何を言っているのか良く分からなかったけれど何か勘違いしていると思った。
お父様は悪い事なんて絶対にしない。
「愚かな...」
お父様が吐くように呟いた。
「貴様っ!余を愚弄するか!」
陛下はお父様に対して顔を真っ赤にして唾を飛ばして叫んだ。
お父様に突き付けられた剣先は合わせたように一歩近付いた。
騎士達が力を込めるだけでお父様は串刺しになってしまう。
私とお母様はひゅっと息を飲んだ。
でもお父様は全く動じる様子は無かった。
「娘が本当に【神子】かどうかはまだ分かりません。しかし本当に【神子】だとしたら陛下は娘をどうするつもりですか」
陛下はふん!と鼻を鳴らした。
「決まっておろう。王太子の妻とするか、余の愛妾として可愛がってやる。そしてその力をこの国の為に使うのだ」
その言葉にお父様もお母様もわなわなと怒りで震えた。
「王太子殿下は今40歳、私よりも歳上ですよ。陛下に至っては御歳60を越えております。
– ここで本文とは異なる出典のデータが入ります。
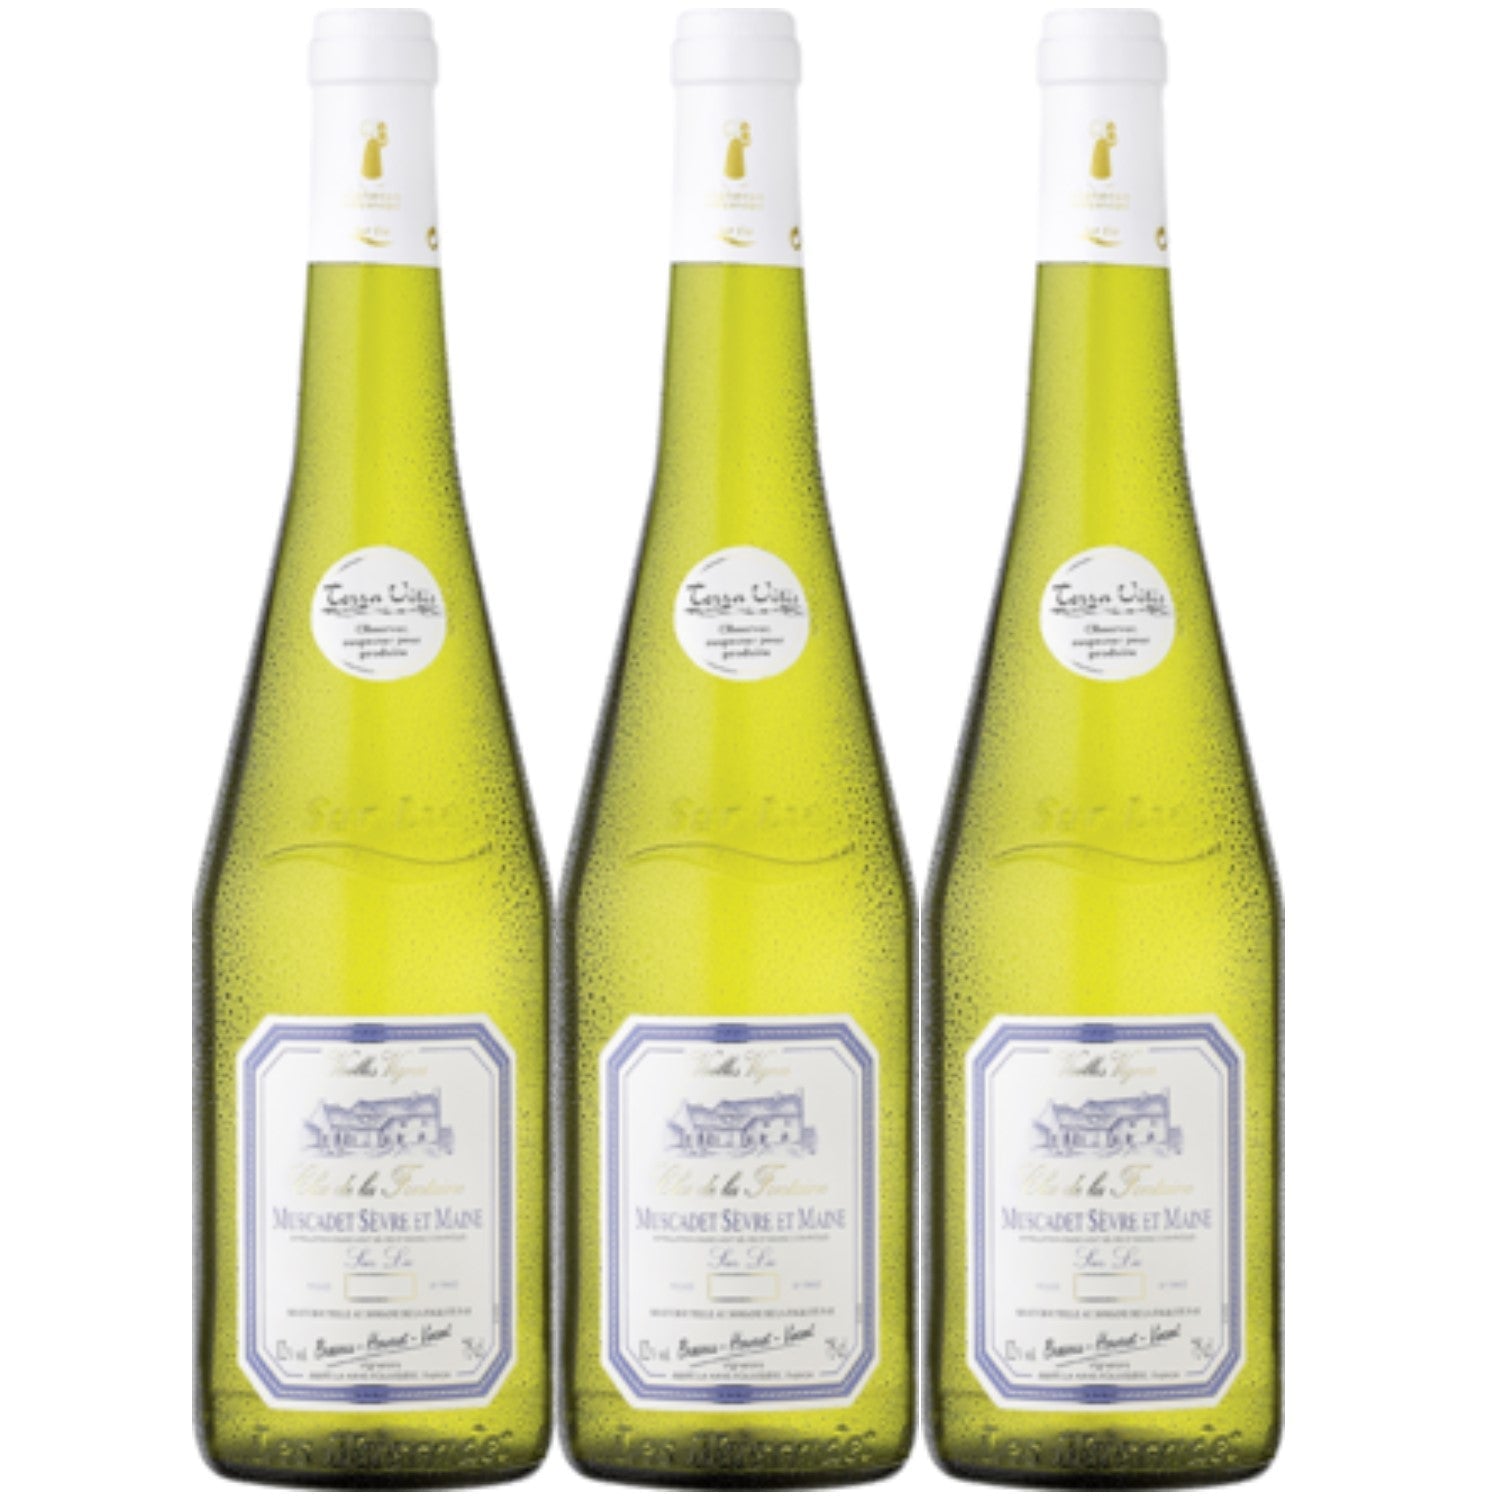 Clos de la Fontaine Muscadet Sèvre et Maine Sur Lie Weißwein vegan trocken AOC Frankreich (3 x 0,75l) - Versanel -

娘はまだ5歳です。可愛い娘の幸せを願う親としては承知致しかねますな。それに『国の為』と言いましたが『ご自分の為』の間違いでしょう?陛下は老いてから随分とやがて訪れる"死"を恐れを抱かれておりましたね。不老不死の妙薬を求め大金を無駄遣いされている事は存じております。陛下はもしや【神子】の力で死を逃れる術があると勘違いなさっておられるのでは?言っておきますが【神子】にはそんな力はありません」
ぐぬぬ、と変な音を出して王様はお父様を睨んだ。
「随分と生意気な口を開くものだな、オルレアン公爵」
陛下の背後から無駄に派手な服を着たでっぷりと太った目付きの悪いおじ様が歩いて来た。
「王太子殿下...」
このおじ様が王太子。
この国の王子様なのね。
なんか絵本で見た"王子様"とは全然イメージが違う。
ただの趣味の悪い太ったおじ様にしか見えないわ。
でも何故か異様な迫力がある。
「貴族というのは王家の為に尽くすものだろう。王家に対して忠義を損なう発言は最早貴族とは言えぬ。今、この場でオルレアン公爵家は取り潰しとする!貴様はたった今平民となった。先までの不躾な発言は不敬罪とし死刑としようそれで良いですか陛下」
王太子殿下は早口で捲し立てて陛下に顔を向けた。
陛下はポカンとしていたけど時間差で理解したのかニヤリと嗤って頷いた。
「う、うむ!それで良いだろう!オルレアン元公爵はこの場で処刑せよ。オルレアン元公爵婦人は王太子が好きするが良い!【神子】の力は余のものとする!」
「ありがとうございます」
「......」
これは一体何だろう。
お父様が貴族ではなくなった?
こんな簡単に?
それでお父様を死刑?
お母様をどうするつもりなの?
私はどうなるの?
こんな事が許されるの?
サァーッと血の気が引いた。
するとお母様が私を優しく抱き寄せた。
お母様のお顔を見上げると何故か笑みを浮かべていた。
「何時からこんなにも王家は愚かになったのだ...」
お父様が小さな声を零した。
それは意外にも悲しそうな声に聴こえた。
その瞬間。
お父様の足下が光り出し魔法陣が現れた。
魔法陣から上に向かって硬質な魔力が吹き上がる。
お父様に剣先を向けていた騎士達がそれに弾かれ体勢を崩して尻もちを着いた。
「馬鹿なっ!魔力封じの枷を着けているのに魔法障壁だと!?」
王太子殿下が後退りながら叫んだ。
お父様の作り出した剣や魔法を弾く魔法障壁の魔法陣が大きくなって私とお母様の足元まで広がった。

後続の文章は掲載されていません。